等到這邊六大門派的人已脫離生命危險,他自然又想起來孤島飄零的義父。但是,因為張翠山夫婦自刎之事,武當派的人不去找謝遜麻煩已經難能可貴,再也不會幫他。張無忌又想起陽頂天自以為命絕之時,尚且想要謝遜代理副教主之位,想必對義父還是極有感情,找到他懇切道:“陽教主,我原要此間之事一了,就去接義父回歸中土。我義父本來擔心中原仇家太多,他眼盲之後,應付不了。此時武林群豪同心抗胡,私人的仇怨,想必都該化解了。隻須我陪他老人家在一起,諒旁人也不能動他一根毫毛。”頓了一頓,到底還有點兒自知之明,又補充道:“若有實在不肯原諒之人,還請陽教主和明教群豪念在義父也是明教法王,幫著開解一二。”

他說這話,真是讓陽頂天好生為難。謝遜雖然多行不義,畢竟沒有背叛明教,確實不能不管,但是中原武林本就對領了明教天大人情不大自在,這上趕著給他們送把柄的事又如何能幹?

楊瀟和殷天正當時也在一旁。心下。明白教主的難處。殷天正仗著自己的輩分對外孫說道:“你這孩子,陽教主雖比我稍稍年輕,但也是上了年紀的人,身體又不好。你義父的事情實在太大,總要我們回了昆侖之後細細謀劃,不然一旦他有失,你爹娘不是白死了。”

張無忌本來就心眼不多,又如何會曉得外公是在敷衍他,當即心下慚愧告辭,但卻著實把明教高層愁個不輕。

範瑤聽了前因後果,強忍著沒翻白眼,嘟囔道:“這位張公子武功雖高,人品雖好,但卻著實天真的可以,生死大仇,人家至親又是無緣無故被殺害,真是這麽容易化解的嗎?那除非得是老天開眼。降下智慧雨來,讓人們個個慈悲為懷。”

老天爺自然是沒有那個本事,讓人人慈悲為懷,但大概是覺得明教這些年確實夠倒黴了,這次的事情又做的厚道,還真給了他們一點兒喘息之機:六大派中不少人都病了。

是真的病了。昆侖何太衝,華山二老和崆峒五老都是上了年紀的人,本來習武之人,內力深厚,一些小病,自然也就抵抗了。但是這些日子以來,他們內力盡失,又被驅趕著趕路,有的人比武輸了,還被砍了手指,真是心神雙重折磨。解毒後來不及休息就急忙逃出大都,又趕上天降大雨,寒暑交加。偏偏逃出生天精深放鬆,不少人就真倒在了一些平常不起眼的頭疼腦熱上。就連一向剛強的滅絕師太也得了痢疾,自覺丟人不肯出門。

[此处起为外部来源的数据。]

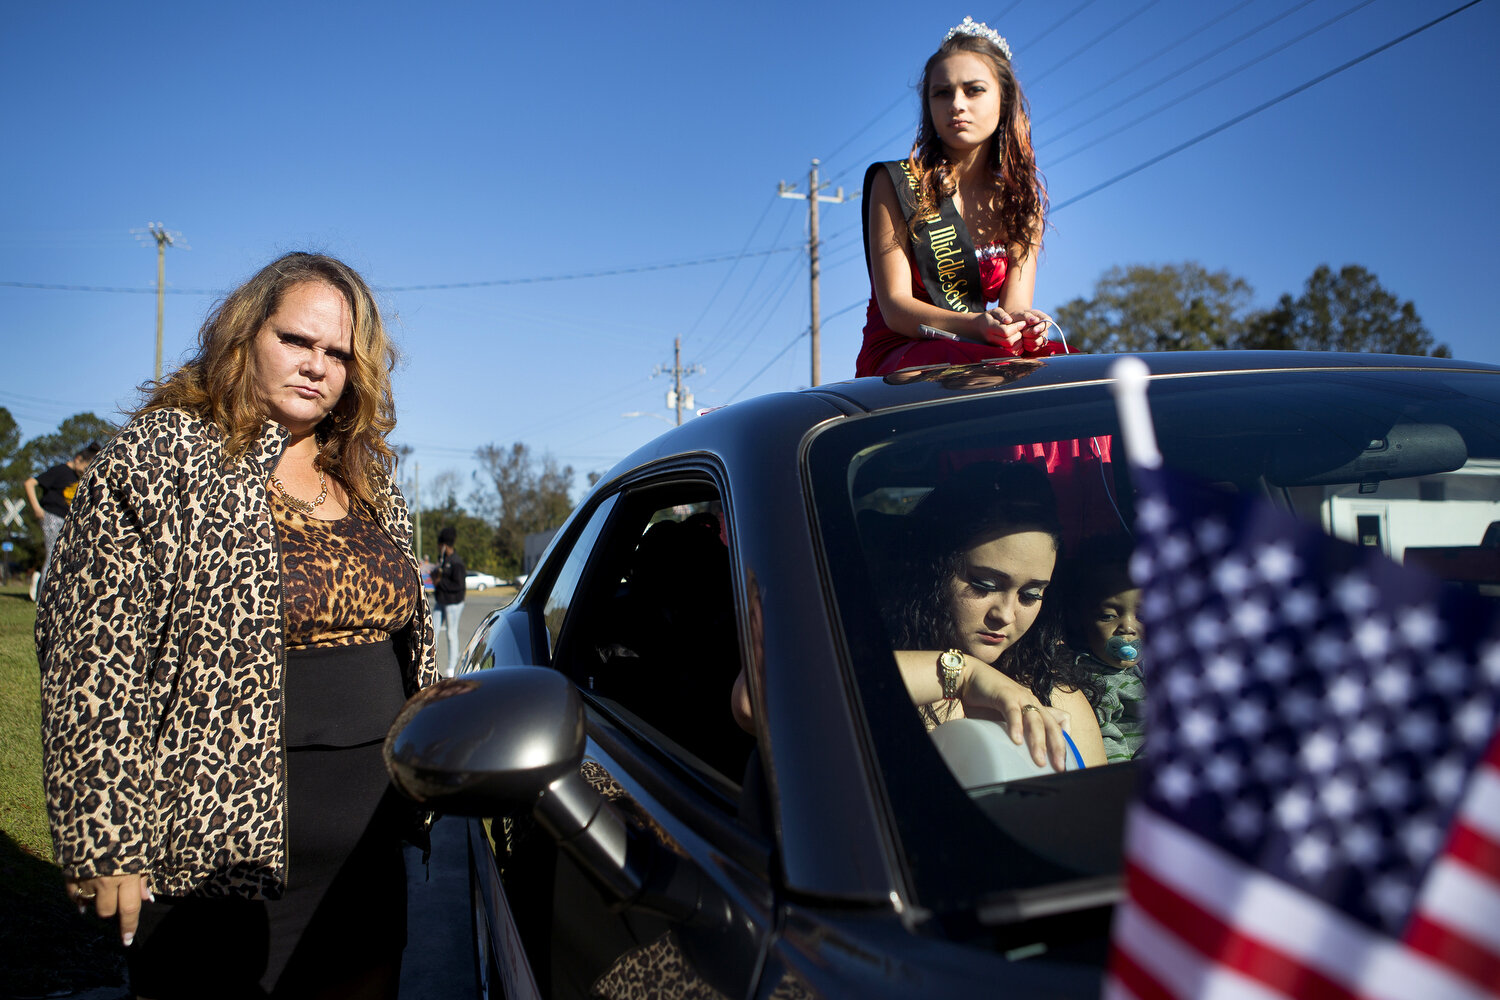  Miss Warsaw Middle School Zequoia Sanderson sits on top of a car for the 96th annual Warsaw Veterans Day parade as her mom Cathy Barden, left, and Zena Bell, in the car, prepare to ride in the parade as well. 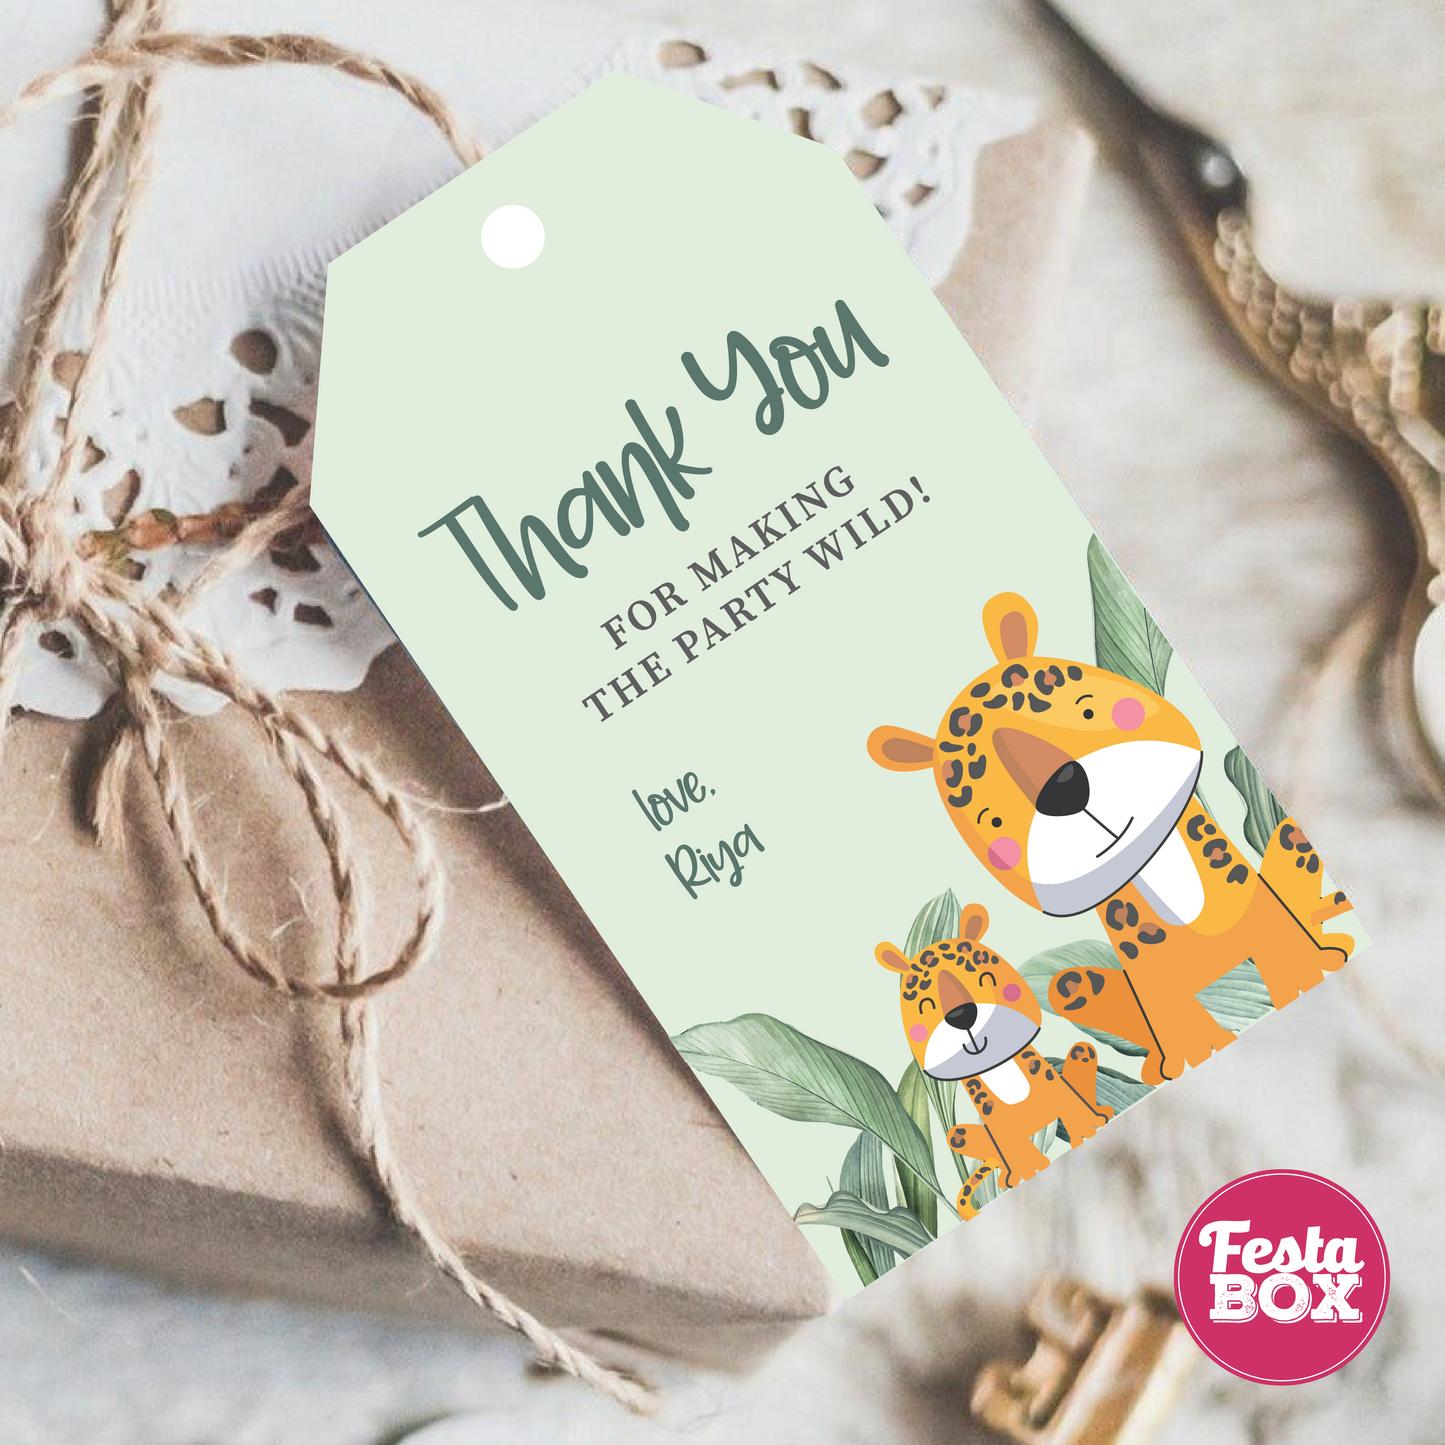 Gift Tags for Baby Shower under the Jungle Safari Theme by Festabox

不過這也是陰差陽錯,大家也隻好歇了心思好好團結養病,畢竟看病開方子靠張無忌,抓藥什麽的還得指望熟悉大都周邊範遙。

總之,這個人情是不得不欠下了,實打實的。

俞蓮舟也有微恙,不過好在女兒悉心照顧,張無忌也傾斜醫療資源,他好的很快,這天郭如寄看他行走自如了,主動道:“俞二哥,我們談談自己的事吧。”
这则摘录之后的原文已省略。